[Task input]

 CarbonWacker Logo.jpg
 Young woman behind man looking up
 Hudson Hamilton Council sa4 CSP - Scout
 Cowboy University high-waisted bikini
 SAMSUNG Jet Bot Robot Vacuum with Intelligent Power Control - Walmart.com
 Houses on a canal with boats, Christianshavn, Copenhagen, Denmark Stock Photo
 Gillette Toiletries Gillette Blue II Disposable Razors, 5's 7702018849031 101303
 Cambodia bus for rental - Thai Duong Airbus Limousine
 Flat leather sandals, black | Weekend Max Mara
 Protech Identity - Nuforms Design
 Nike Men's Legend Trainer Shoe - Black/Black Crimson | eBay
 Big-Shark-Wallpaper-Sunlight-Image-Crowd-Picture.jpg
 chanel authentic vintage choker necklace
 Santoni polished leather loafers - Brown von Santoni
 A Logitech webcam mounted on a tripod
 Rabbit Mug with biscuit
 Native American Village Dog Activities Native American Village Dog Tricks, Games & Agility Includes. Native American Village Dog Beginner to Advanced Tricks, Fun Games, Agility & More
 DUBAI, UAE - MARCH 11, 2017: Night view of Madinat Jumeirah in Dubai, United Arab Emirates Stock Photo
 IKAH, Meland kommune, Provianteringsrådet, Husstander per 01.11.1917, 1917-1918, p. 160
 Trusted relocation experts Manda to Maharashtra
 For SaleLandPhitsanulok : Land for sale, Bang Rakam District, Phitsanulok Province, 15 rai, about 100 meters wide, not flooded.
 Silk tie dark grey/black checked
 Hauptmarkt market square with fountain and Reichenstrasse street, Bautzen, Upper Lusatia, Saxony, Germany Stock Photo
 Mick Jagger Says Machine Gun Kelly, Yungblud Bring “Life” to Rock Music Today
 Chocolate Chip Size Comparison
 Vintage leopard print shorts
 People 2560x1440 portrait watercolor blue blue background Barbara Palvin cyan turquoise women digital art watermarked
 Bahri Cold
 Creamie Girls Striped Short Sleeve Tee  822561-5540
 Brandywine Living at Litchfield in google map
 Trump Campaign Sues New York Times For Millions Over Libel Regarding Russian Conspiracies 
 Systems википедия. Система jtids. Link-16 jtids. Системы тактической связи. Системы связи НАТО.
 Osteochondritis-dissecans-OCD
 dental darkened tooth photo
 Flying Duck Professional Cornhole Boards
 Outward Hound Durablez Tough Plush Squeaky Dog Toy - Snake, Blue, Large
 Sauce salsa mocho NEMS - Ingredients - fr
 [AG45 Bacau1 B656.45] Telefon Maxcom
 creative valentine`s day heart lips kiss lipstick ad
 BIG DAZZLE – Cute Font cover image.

[/Task input]

▶ _What you will do_
Out of the records, collect only those lines that contain the string "with".

▶ _Solution below_
 SAMSUNG Jet Bot Robot Vacuum with Intelligent Power Control - Walmart.com
 Houses on a canal with boats, Christianshavn, Copenhagen, Denmark Stock Photo
 Rabbit Mug with biscuit
 Hauptmarkt market square with fountain and Reichenstrasse street, Bautzen, Upper Lusatia, Saxony, Germany Stock Photo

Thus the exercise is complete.